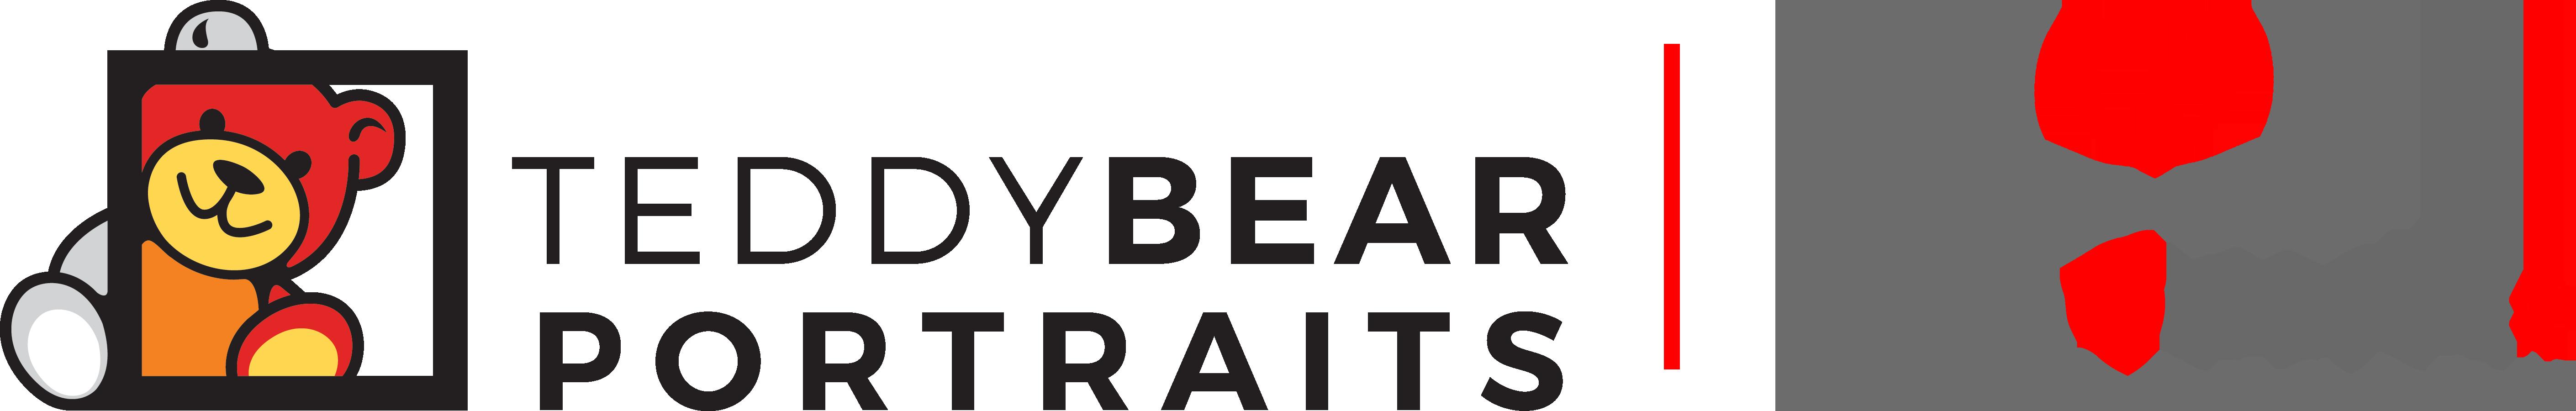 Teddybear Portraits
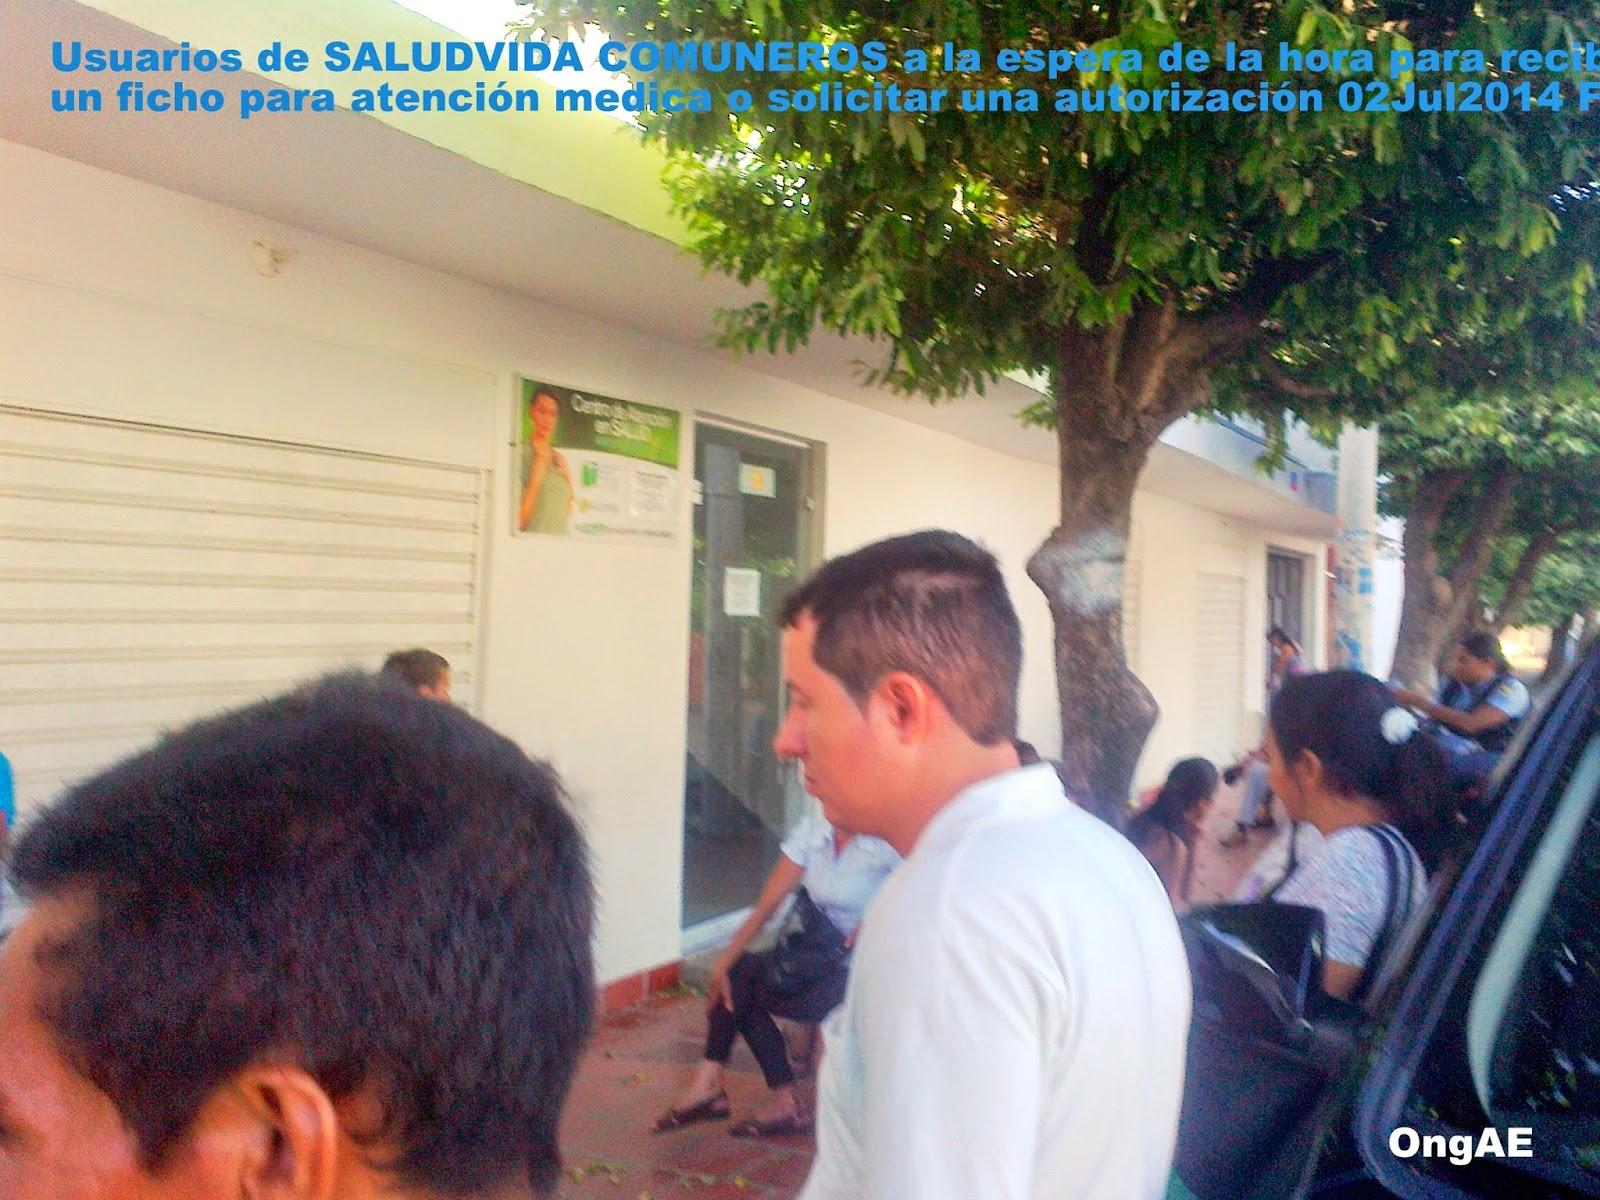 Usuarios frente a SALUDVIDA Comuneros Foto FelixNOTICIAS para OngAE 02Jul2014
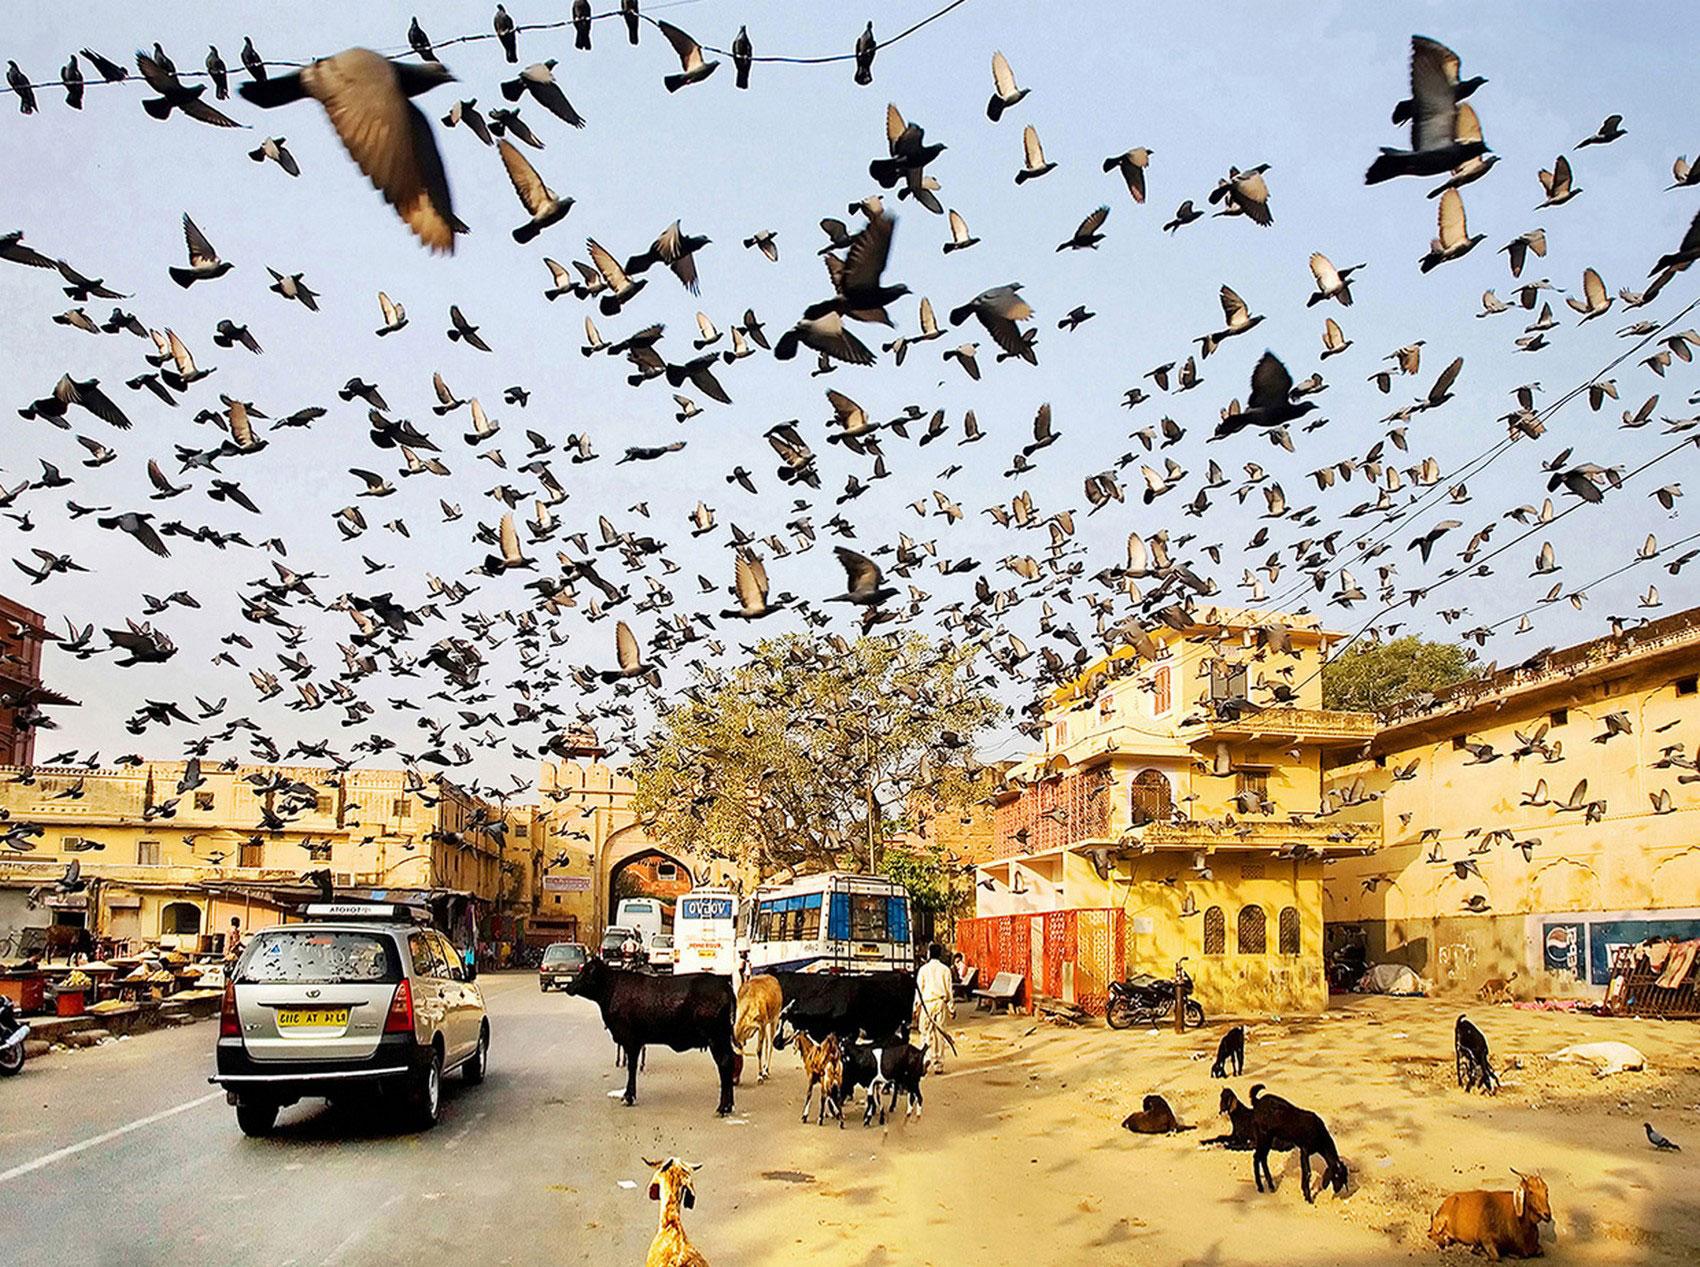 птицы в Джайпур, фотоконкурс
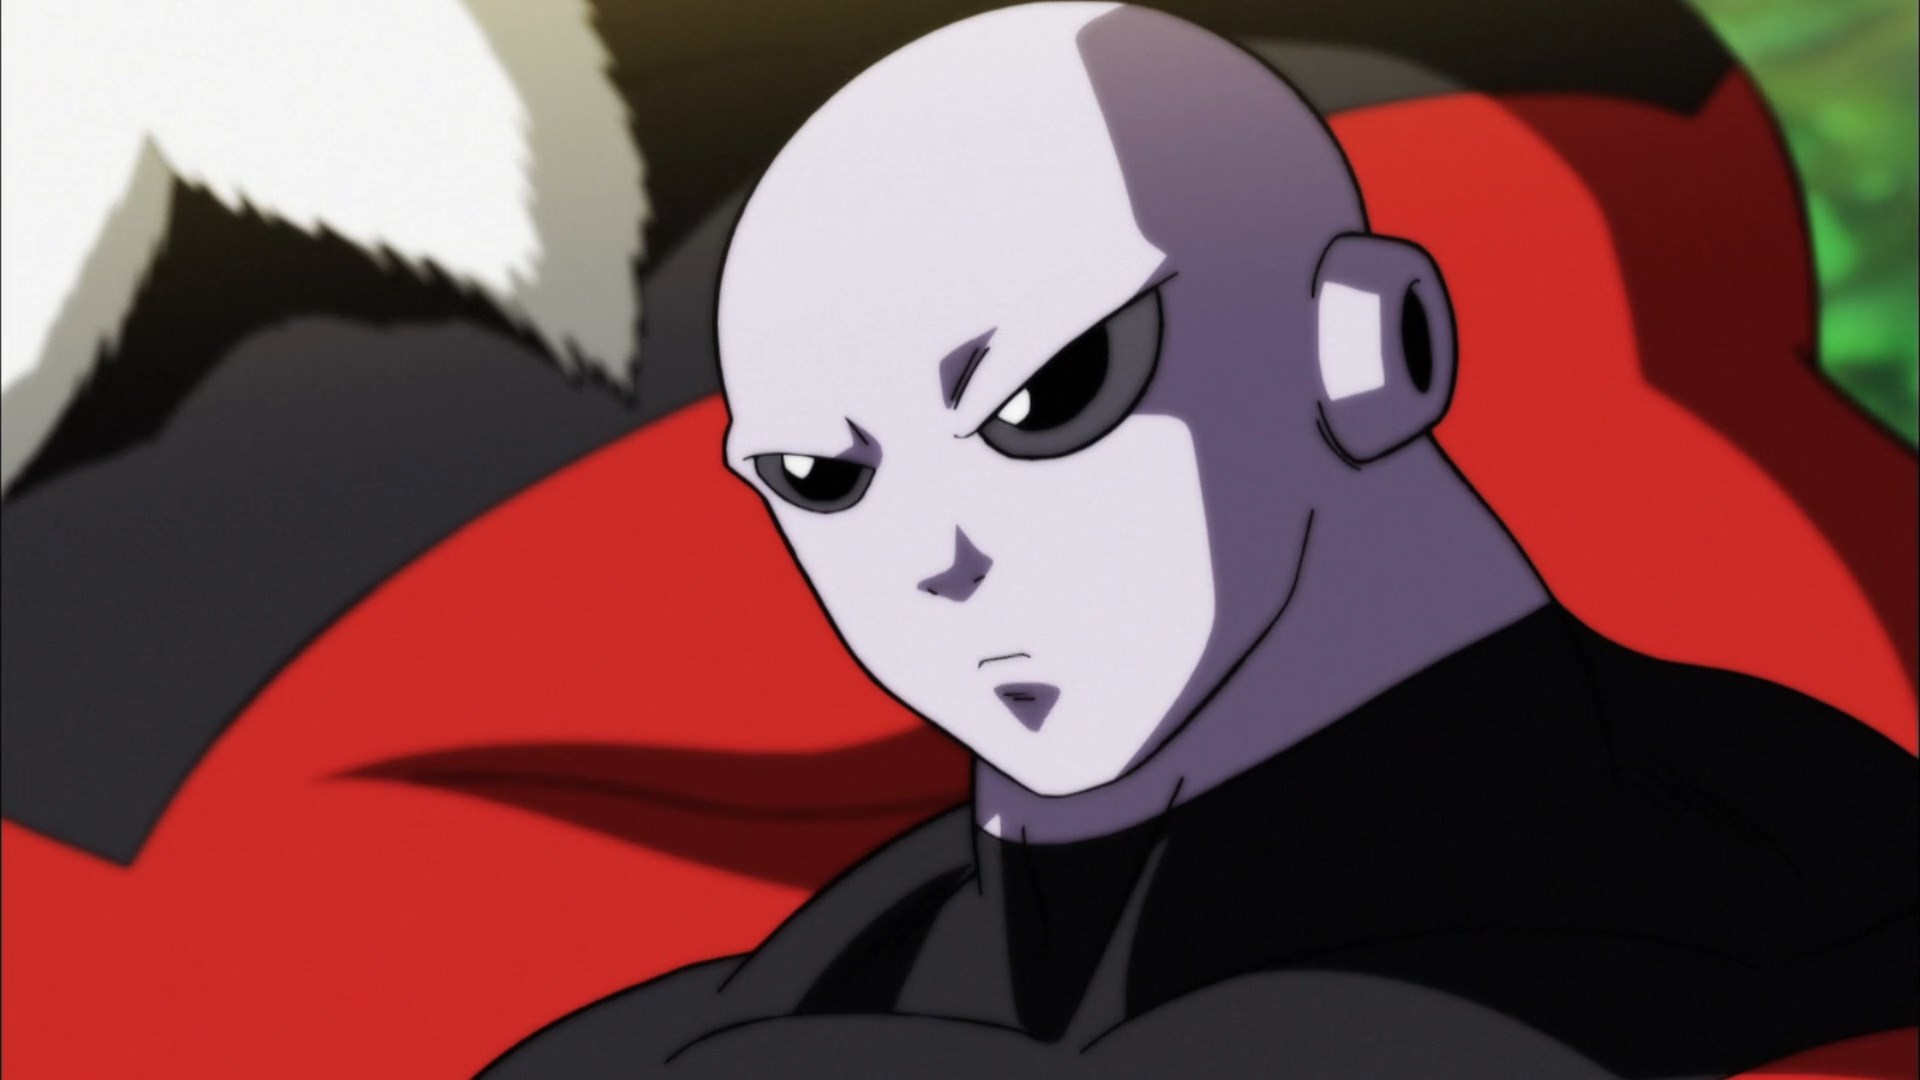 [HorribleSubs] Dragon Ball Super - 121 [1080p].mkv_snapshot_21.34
•••
Task item - Do not include the images; transcribe the rest of the listing exactly.

The answer -
 Teddybear Portraits
 Usuarios frente a SALUDVIDA Comuneros Foto FelixNOTICIAS para OngAE 02Jul2014
 птицы в Джайпур, фотоконкурс
 [HorribleSubs] Dragon Ball Super - 121 [1080p].mkv_snapshot_21.34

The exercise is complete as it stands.